Yup when I'm done accelerating I put it back into 6th asap for fuel economy. No need to pause in each gear
5. If you want to accelerate faster than you did last time, you can give it more gas and/or hold lower gears longer. And those need to be coordinated somewhat, right? Like you wouldn't use super light throttle to slowly get to the redline in 1st gear. Nor would you get up to 6th gear at 35 mph and then floor it. But how do you find the precise balance, the perfect combination of throttle and revs? How would I know that I should have, say, given it 10% more throttle but upshifted 300 rpms sooner? Come to think of it, why is there no throttle indicator so you have some objective measure of how much gas you're giving it?

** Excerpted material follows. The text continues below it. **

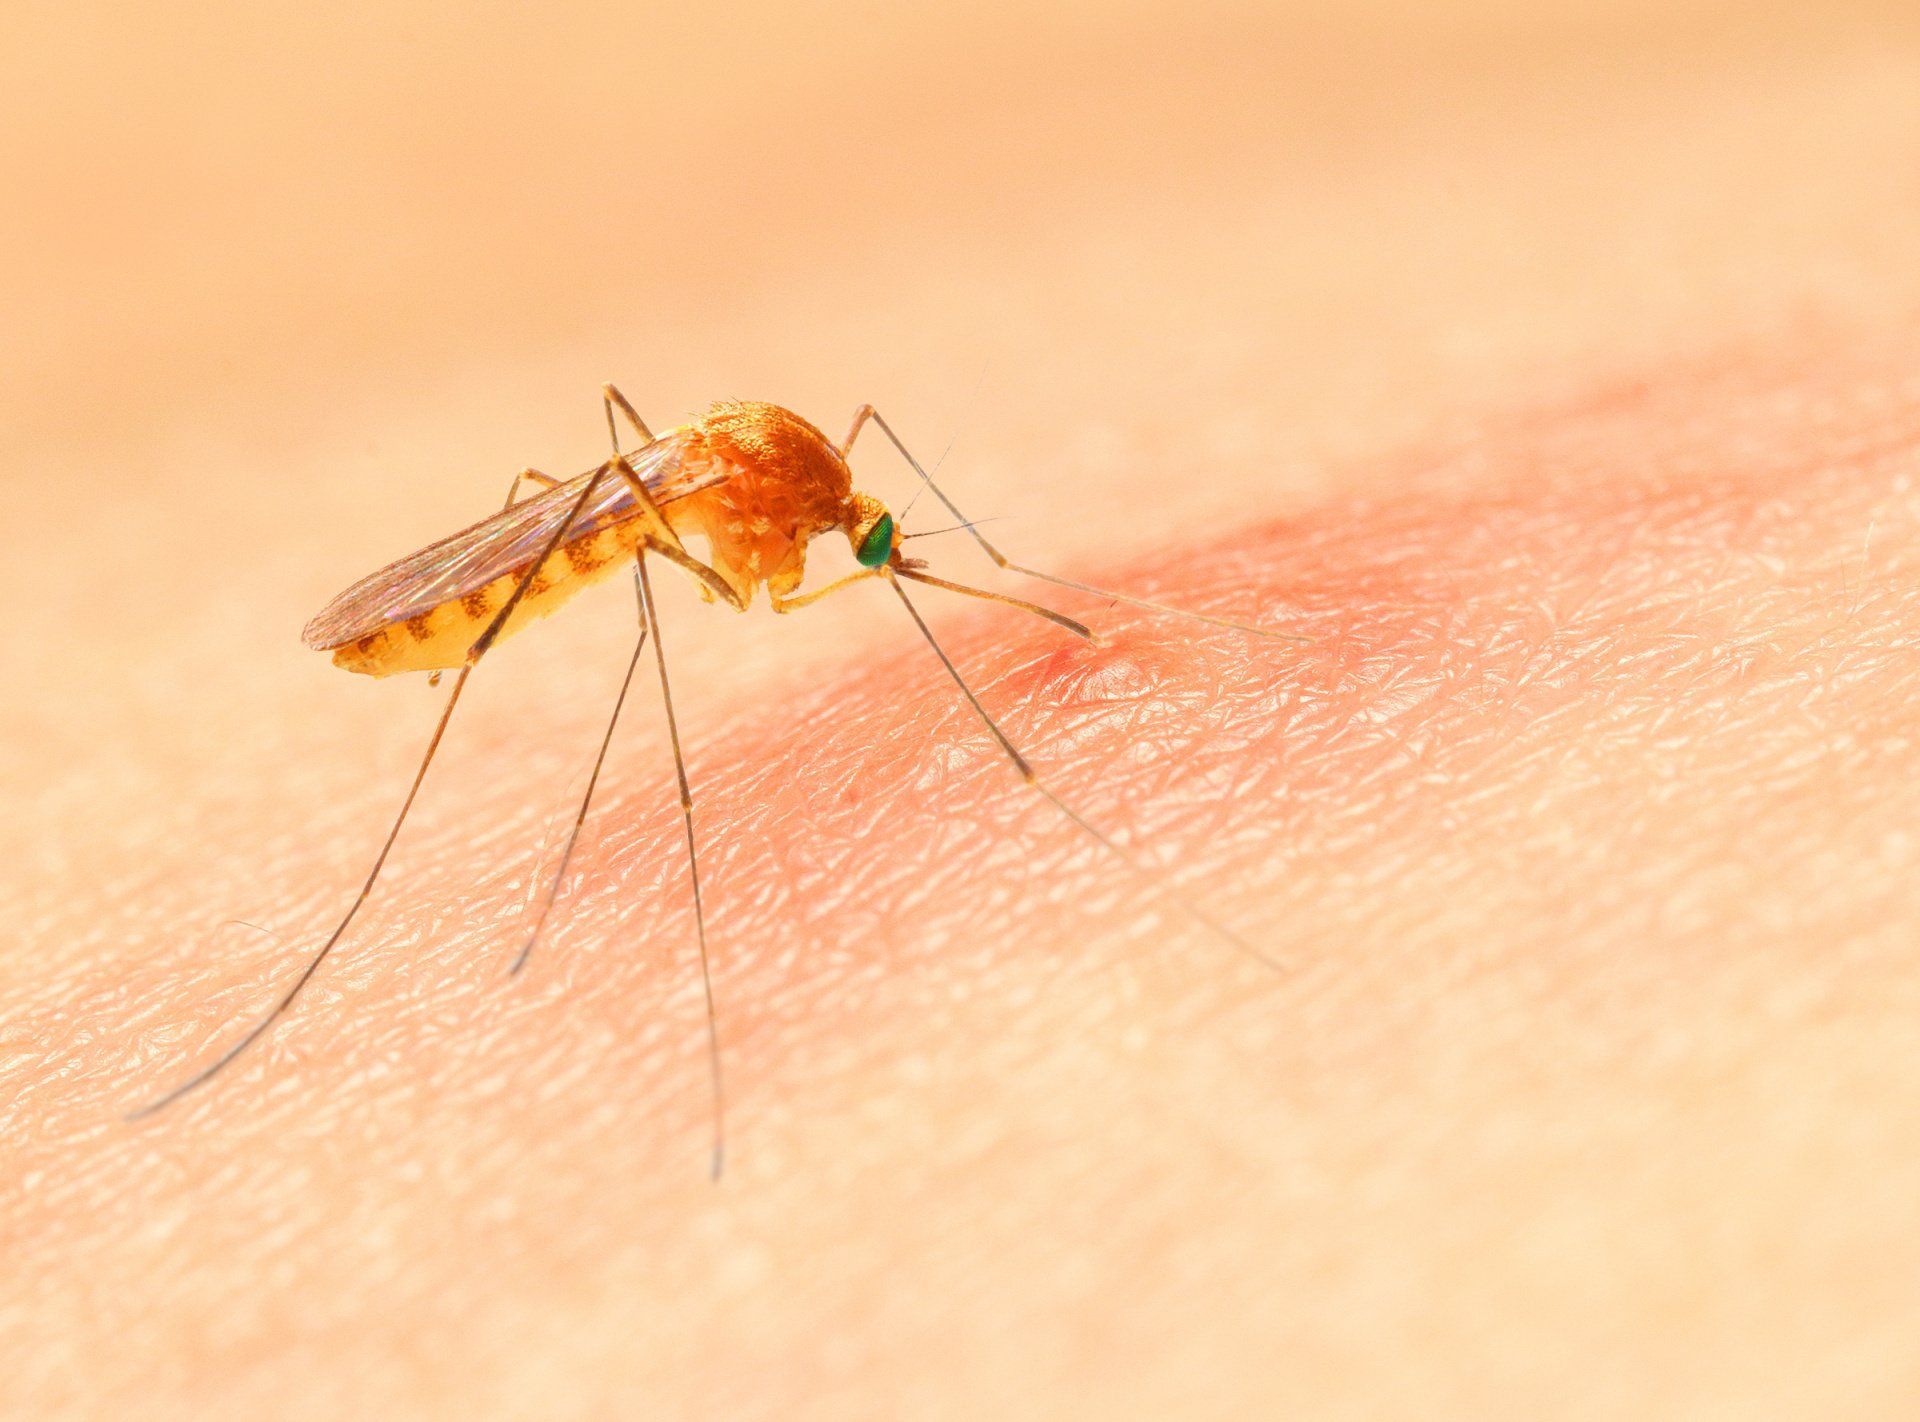 Малярия укусы комаров. Укус малярии малярийный комар. Комар желтолихорадочный укус. Укус комара под микроскопом.

This more or less true. But there is no precise balance, it is whatever you need. For example sometimes I find full throttle in 3rd gear at around 4000 RPM is just enough for me to make a pass in city traffic. If you floor it in an auto it would give you 2nd gear and be too fast. If you do half throttle the auto will probably put you in 4th and be too slow. Maybe 75% throttle in 2nd gear would work too but at 75% throttle, the auto may only give you 3rd gear. Manual means you can choose exactly whatever combo you want. But there would really be no reason for the extremes cases, like 5% throttle in 1st gear up to redline or full throttle in 6th gear at 1500 rpm.
TLDR;
The main advantage as I said earlier is you can always plan ahead, where as the automatic can't read your mind. You can downshift aggressively to high RPMs and then shift back up to 6th for fuel economy whenever you want. You can also choose anything in between. Manual mode pretty much lets you pick anywhere you want to be in the powerband right away. An auto will kind of try to do the same depending on pedal precision, but it will not be as fast or precise as manual mode or a manual transmission.